I agreed to this, and if I'd thought about it at all, I should have supposed that Mrs. Ess Kay would be as pleased as Punch with such an arrangement, because Mr. Doremus, as a relative of Mrs. Van der Windt's, is the only man on board to whom she makes herself agreeable. It appears that he has started several fashions in New York, the most important being to drive in some park they have there, without a hat. But probably if the truth were known, he lost it, like the fox that tried to make his friends chop off their tails.
Mrs.
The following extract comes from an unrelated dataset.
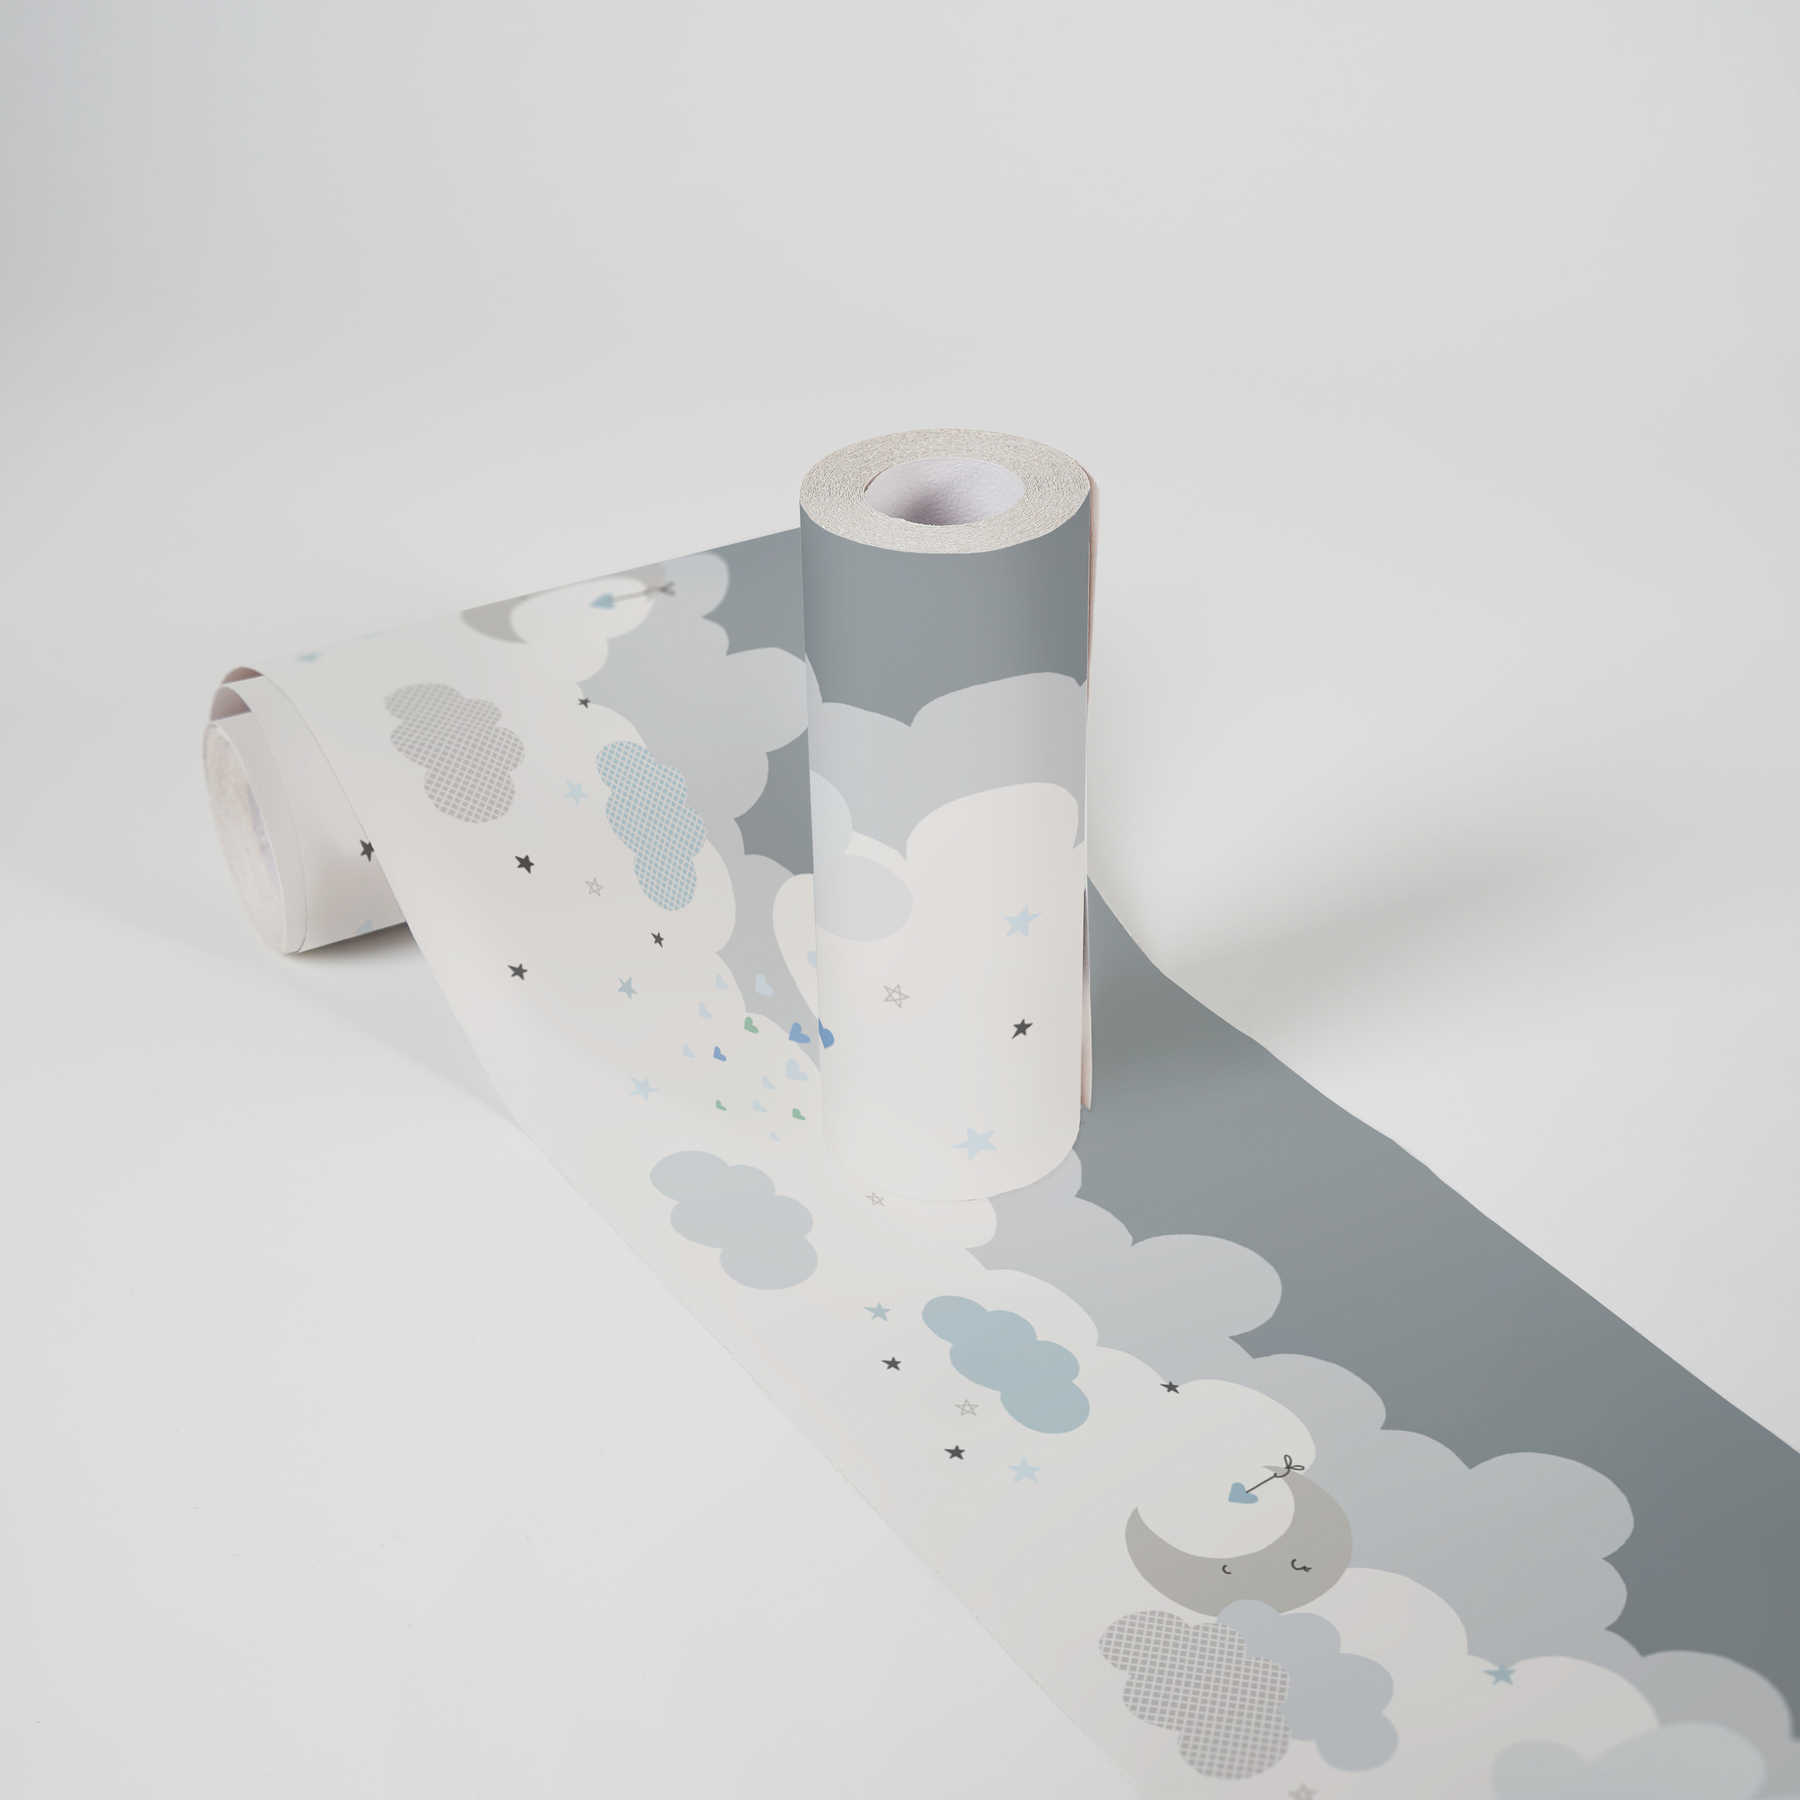             Self-adhesive baby room border "Blue sugar clouds" - blue, grey, white
        
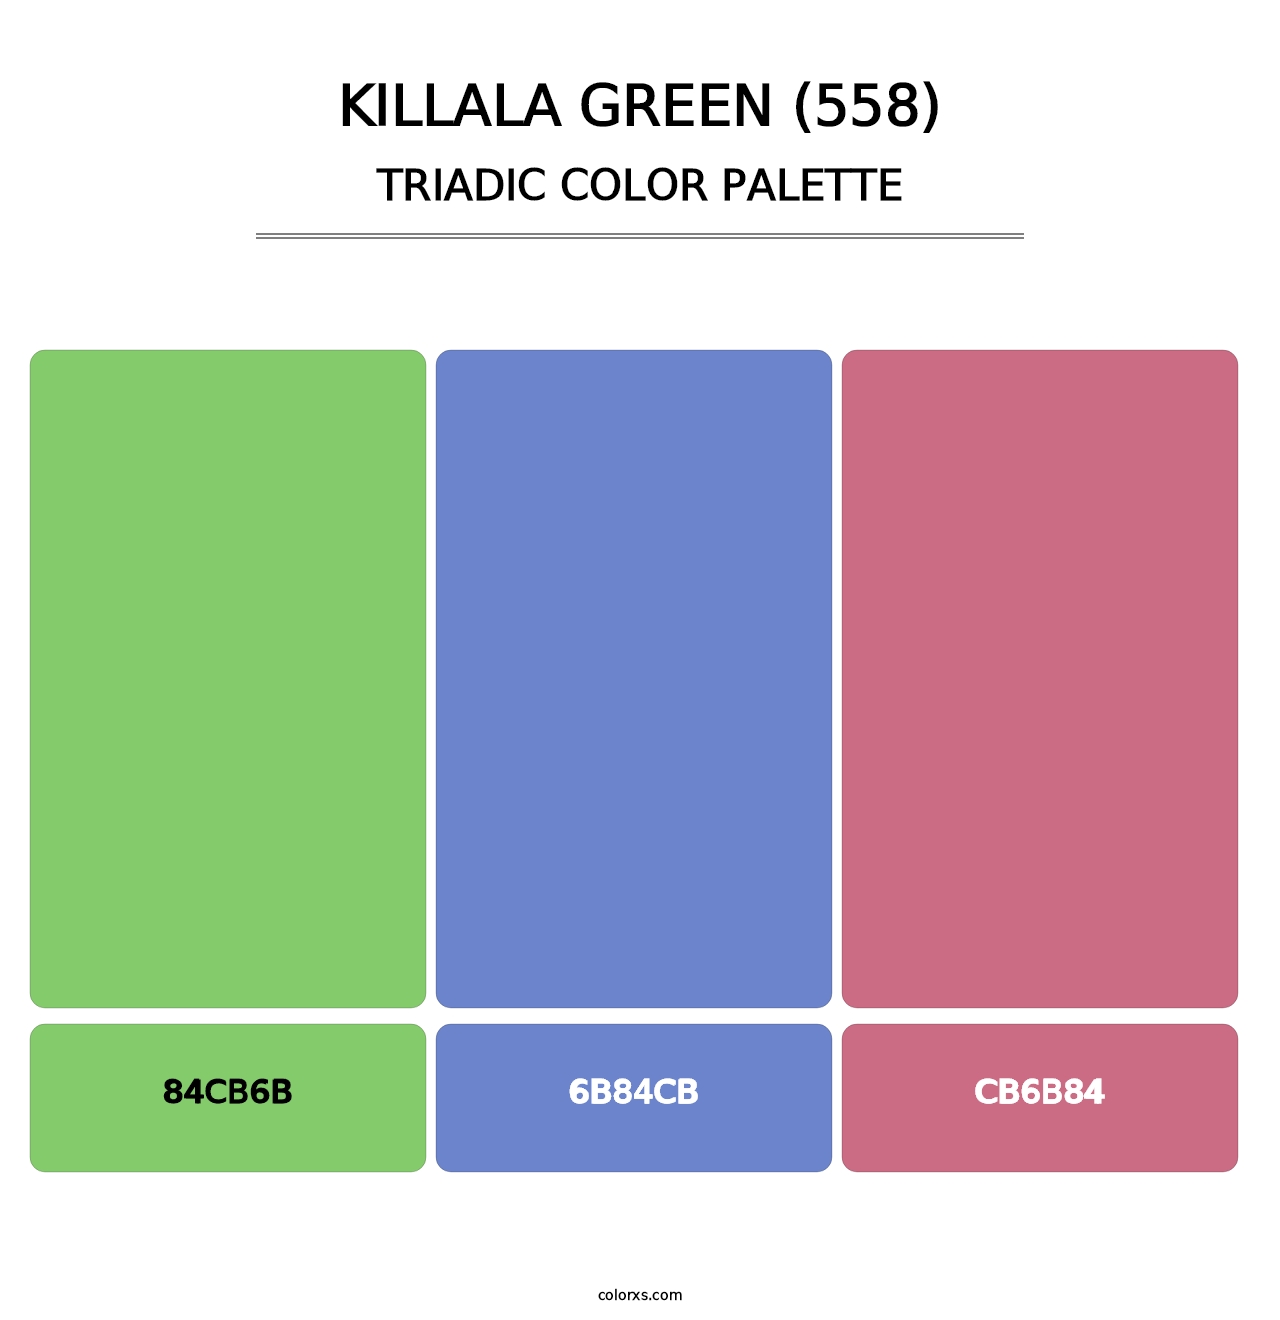 Killala Green (558) - Triadic Color Palette

Ess Kay had gone to her stateroom soon after lunch, as the motion of the ship had given her a headache, and I didn't happen to be near Sally Woodburn; so I said "yes" to Mr. Doremus on the impulse of the moment, without stopping to think whether I ought to ask permission first.
We had great fun going about, for Mr. Doremus was so witty and said such amusing things to the people he begged of, that I could hardly speak for laughing, and everyone else laughed too. I wished that he wouldn't put me forward always, and say it was my idea, and I had started the subscription; but he argued that I must sacrifice myself for the success of the Charity, just as I would at home, if I had to work off damaged pincushions or day before yesterday's violets at a bazaar. Of course, not being out, I've never sold anything at bazaars, but Victoria is continually doing it in the Season, and she makes quite a virtue of forcing perfect strangers to "stand and deliver," as she calls it. This seemed much the same sort of thing to me, and so I felt nice and virtuous, too, as Vic does when she comes home with a new frock torn and stepped on, and lies in bed late next day, with Thompson to brush her hair, and me to read to her.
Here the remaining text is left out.